According to a November 2010 Huffington Post article, Phusion Projects Inc., the company behind Four Loko, agreed to remove caffeine from its alcohol drinks just before the FDA was set to formally announce that caffeine is an unsafe food additive to alcoholic drinks, effectively banning them.

“We haven’t seen [students drinking alcohol mixed with energy drinks] at EWU this year,” said EWU Deputy Chief of Police Gary Gasseling. “I’m not saying it’s not happening, but we haven’t found any incidents of it with students that I know of.”

Gasseling went on to explain some of the risks of drinking alcohol with energy drinks. “It’s not illegal, so you’ve got to have a good healthy dose of common sense. It’s not a good idea, because you’re fighting your body’s ability to protect itself. … You’re overcoming your body’s ability to shut itself down when it needs to,” he said. “It’s on [officers’] radar all the time. We ask all our students to take a [blood alcohol test] … If you’re at 0.18 and an hour later you’re at 0.20, your blood alcohol level is going up, and we’ll take you to the hospital, because you’re in danger of respiratory arrest.”

Gasseling added, “If a student can’t or won’t take the test, we’ll send them to the hospital for safety. … We’ll err on the side of safety for the students.”

The Washington State Liquor Control Board has put out an information brochure that says: “With an alcohol content of 12 percent in a 23.5-ounce can, these products contained almost five standard drinks and caffeine equal to at least three cups of coffee.” The Partnership at Drug Free. org reports that energy drinks have about three times the caffeine of cola.

According to Interim Health Education Coordinator Karen Wanjico and Intox.com, alcohol slows down normal body functioning.

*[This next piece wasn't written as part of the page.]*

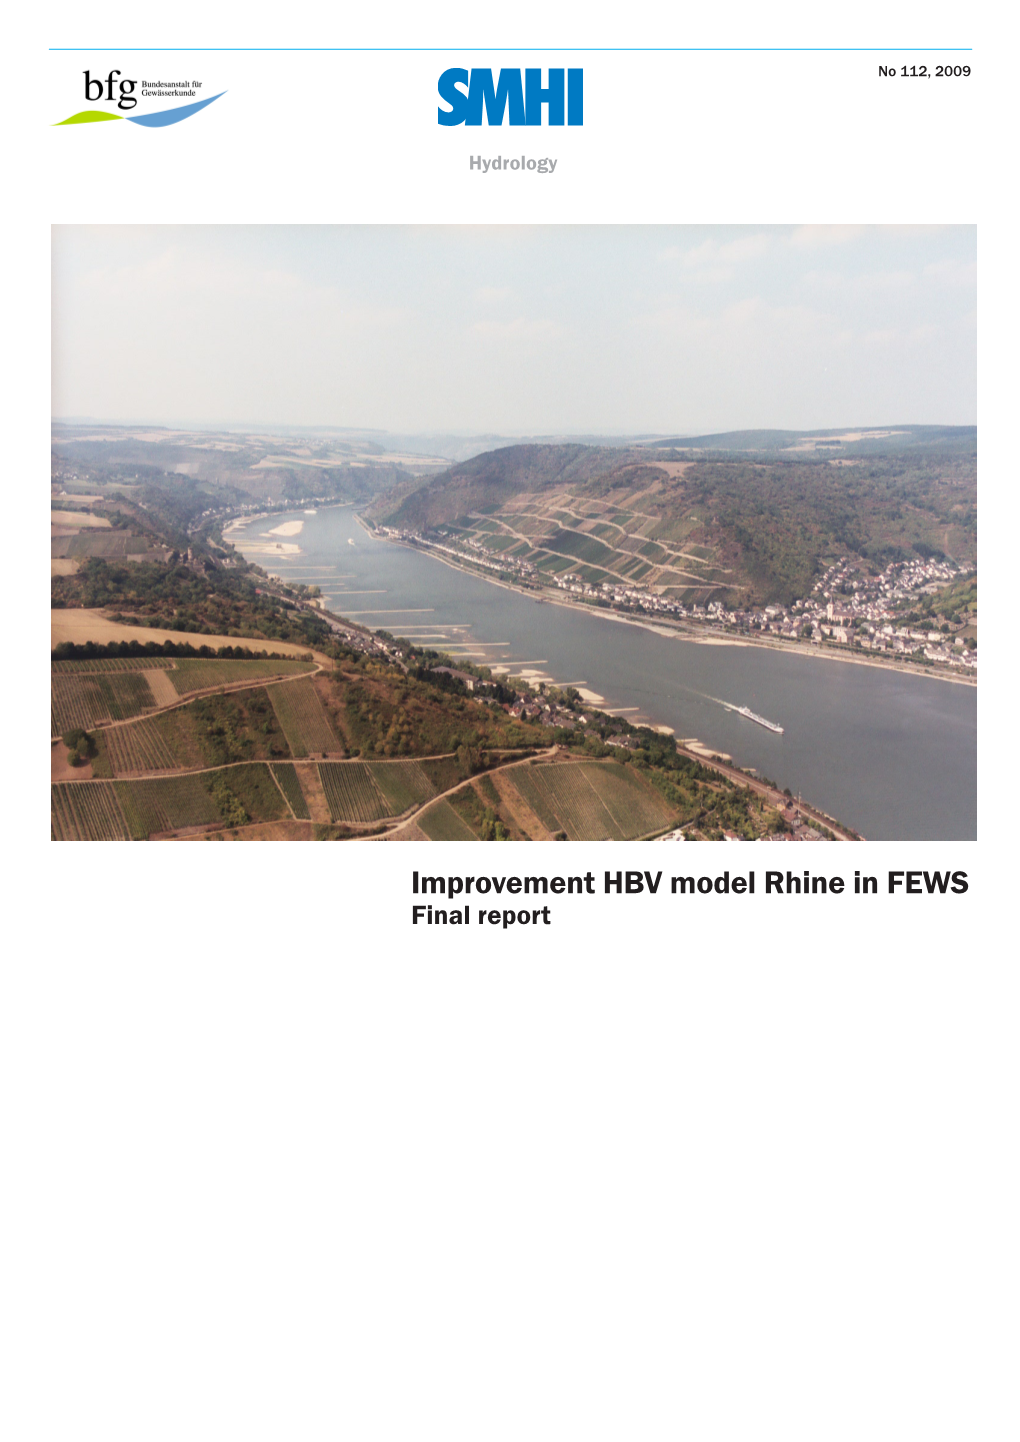 Improvement HBV Model Rhine in FEWS Final Report No 112, 2009

With alcohol poisoning, a person is not getting enough oxygen and cannot regulate body temperature. The person is at risk for choking because dulled nerves can lead to suppression of the normal gag reflex that would save a vomiting person from choking.

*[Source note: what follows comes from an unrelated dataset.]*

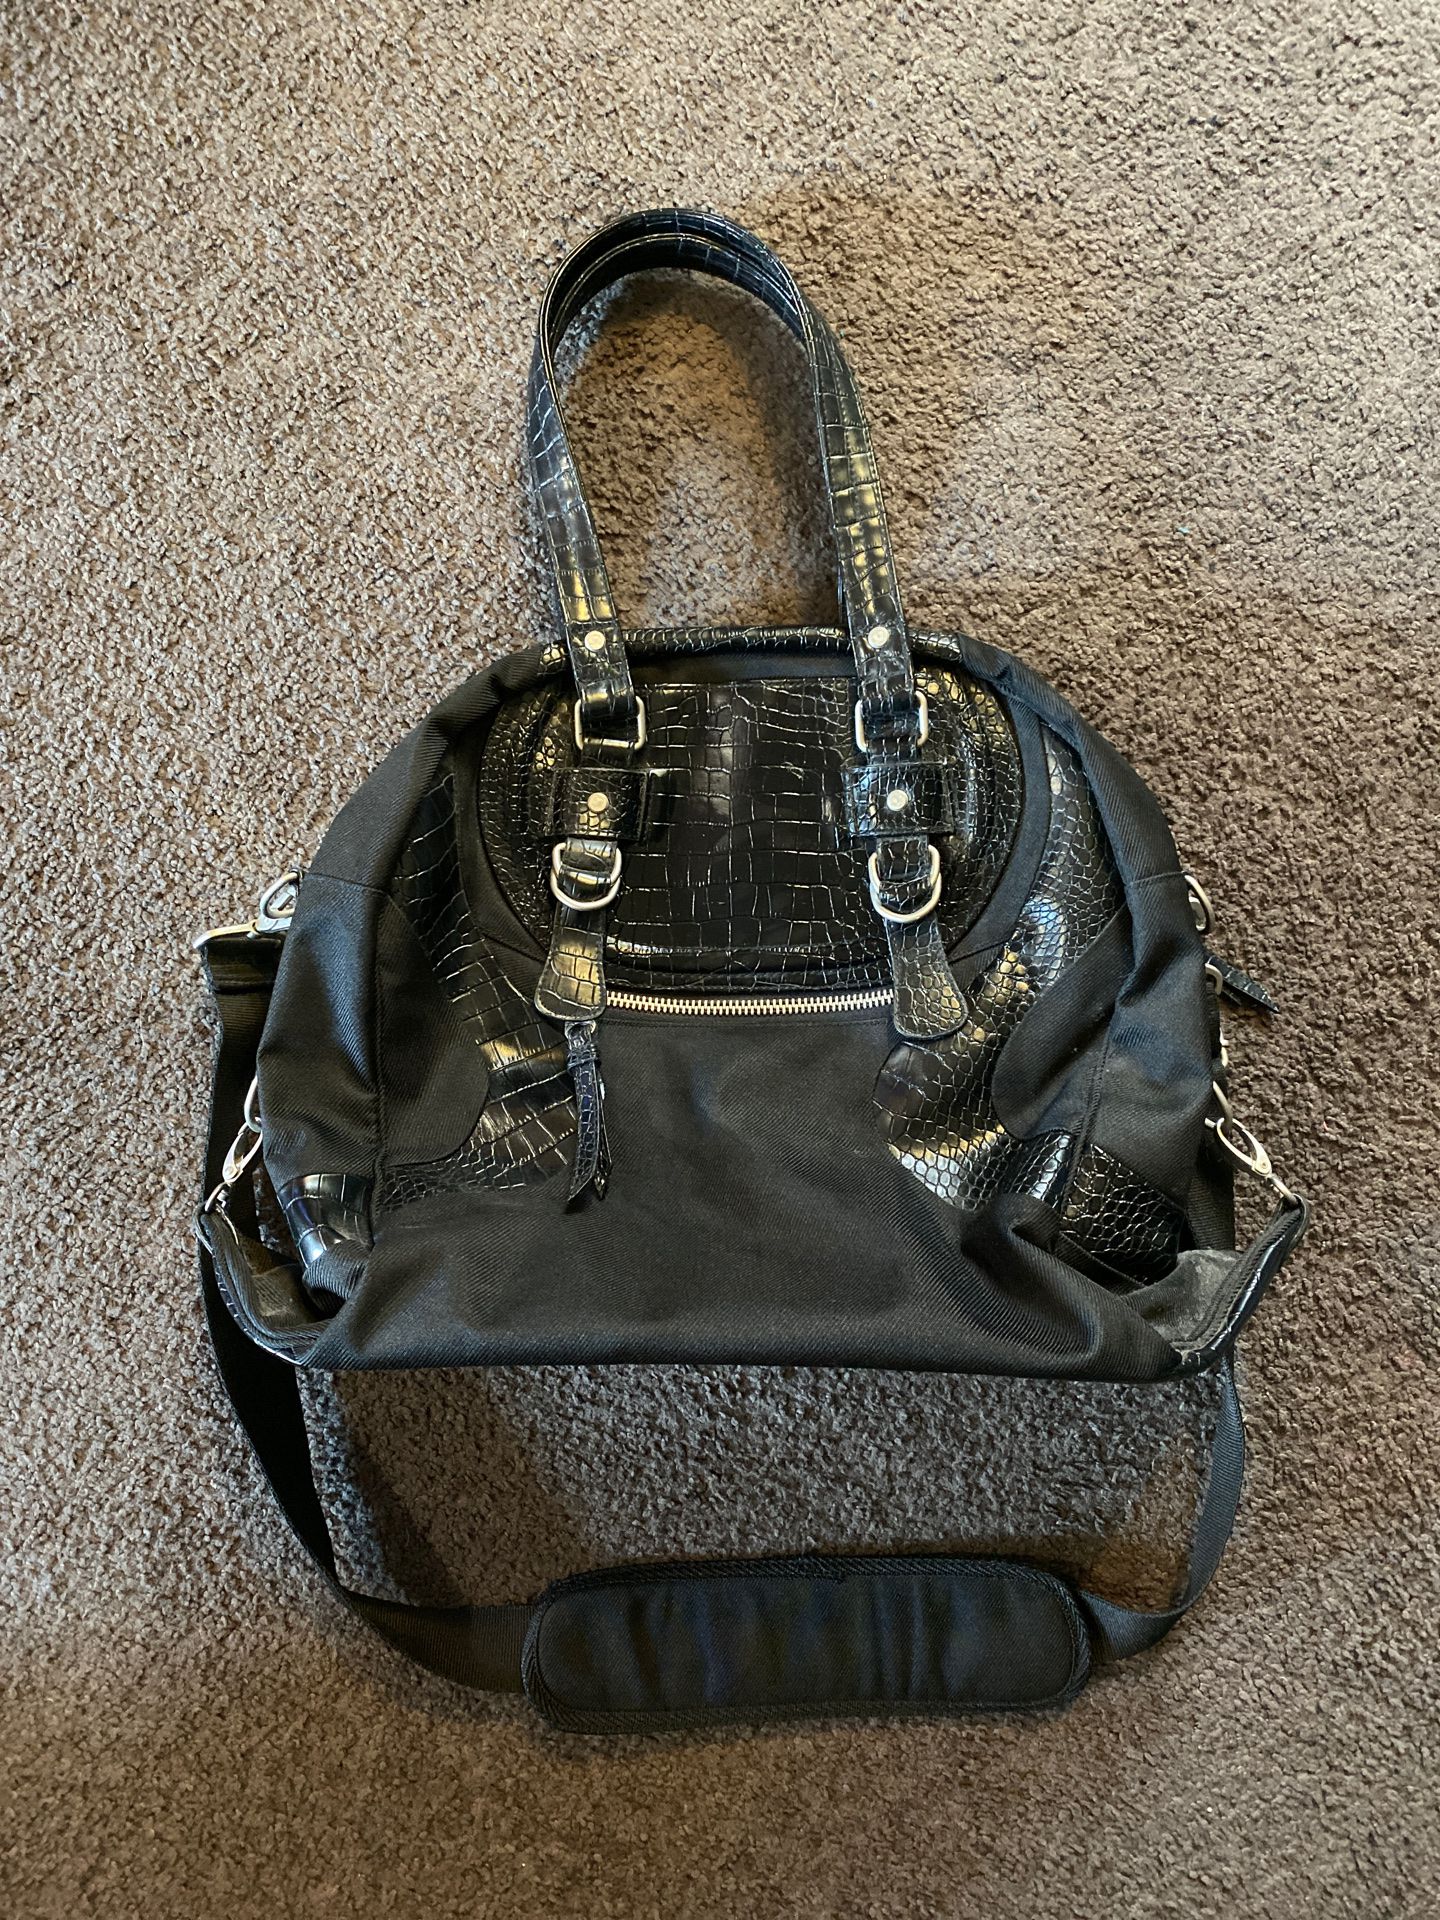 Lululemon bag + 13 other items for Ashley

Alcohol poisoning can cause permanent brain damage, coma and death. Diabetics can go into diabetic shock. These effects can sneak up on someone who is mixing alcohol with energy drinks because the person will not feel the dulling effects of the alcohol.

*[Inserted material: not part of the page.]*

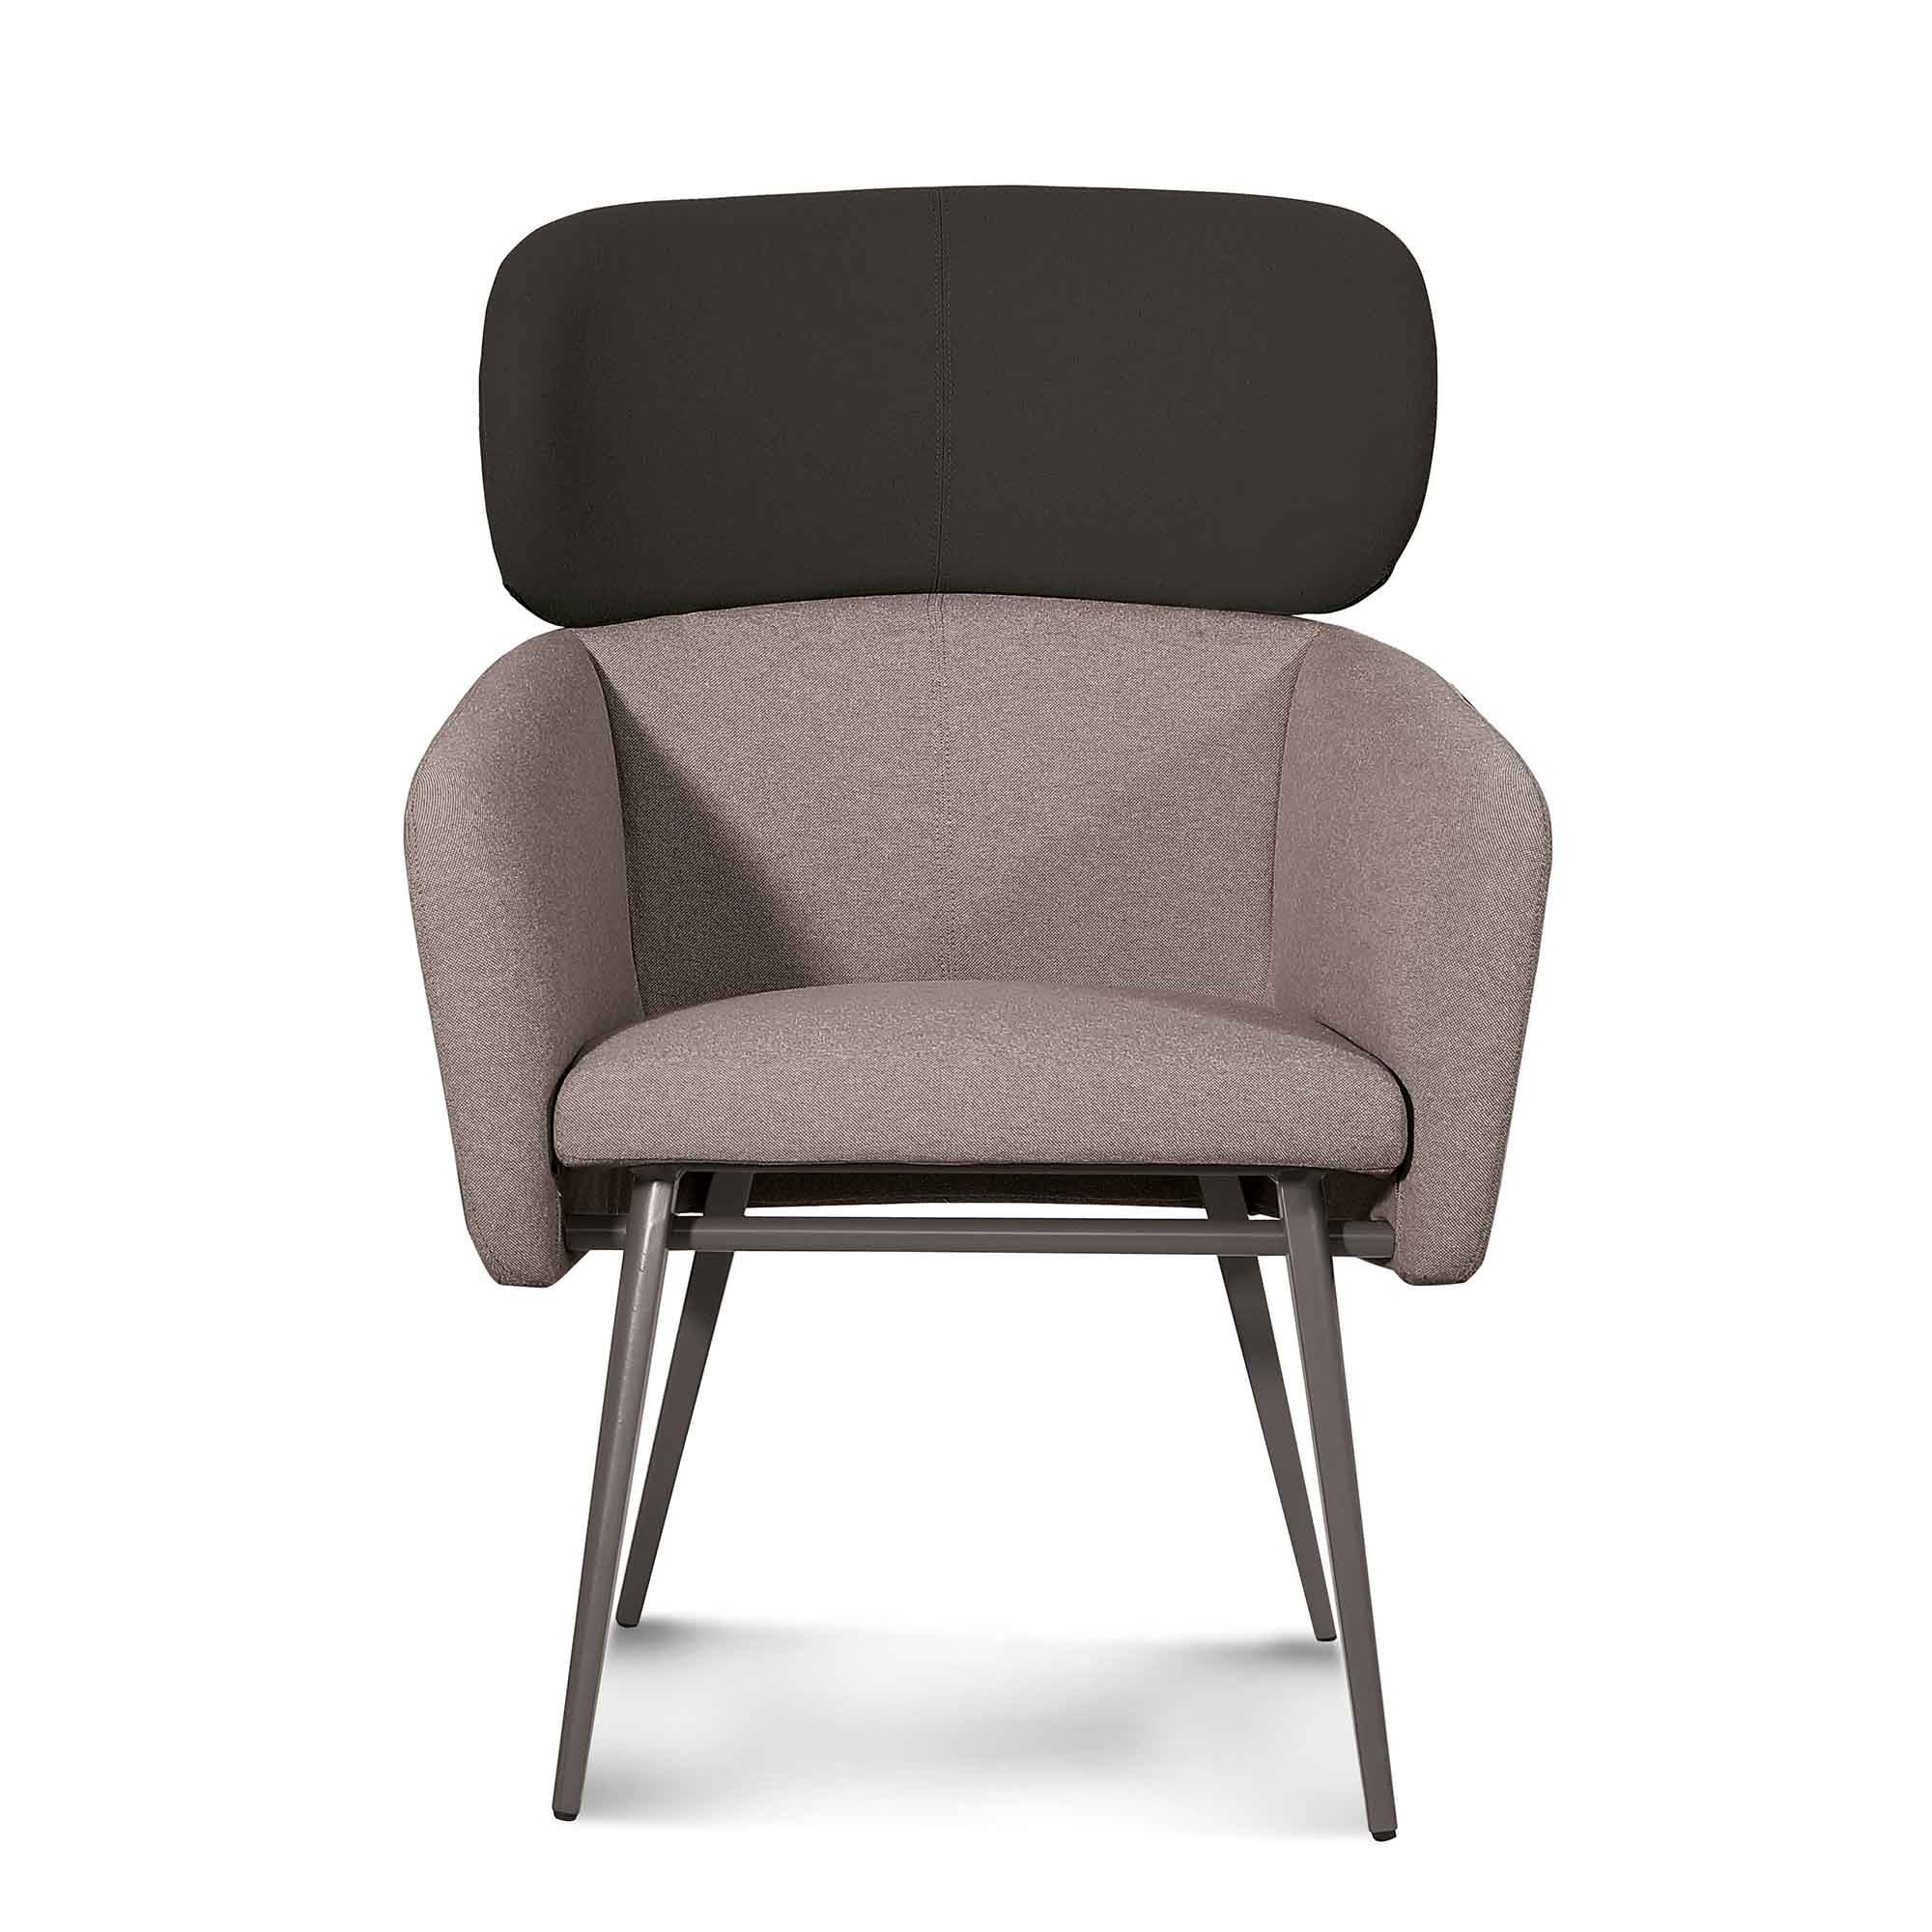 BALU XL MET Armchair black and grey upholstery

The National College Health Assessment conducts a survey on student drinking every two years on campuses across the U.S. According to Interim Health Education Coordinator Karen Wanjico, its latest survey at Eastern was done spring 2012 on a group of more than 1,300 students.

  • 88 percent didn’t do something that injured themselves while drinking
  • 81 percent did not have unprotected sex
  • 76 percent did not forget where they had been or what they had done
  • 72 percent in the past 12 months, did not do something while drinking that they later regretted
  • 72 percent have not driven after drinking
  • 61 percent have had alcohol in the last 30 days
  • 44 percent have four or fewer drinks when they party (about half reported five or fewer drinks)

“Those are good numbers,” said Wanjico. “Eastern students generally practice good behavior. We just want to build the spacing and pacing part.”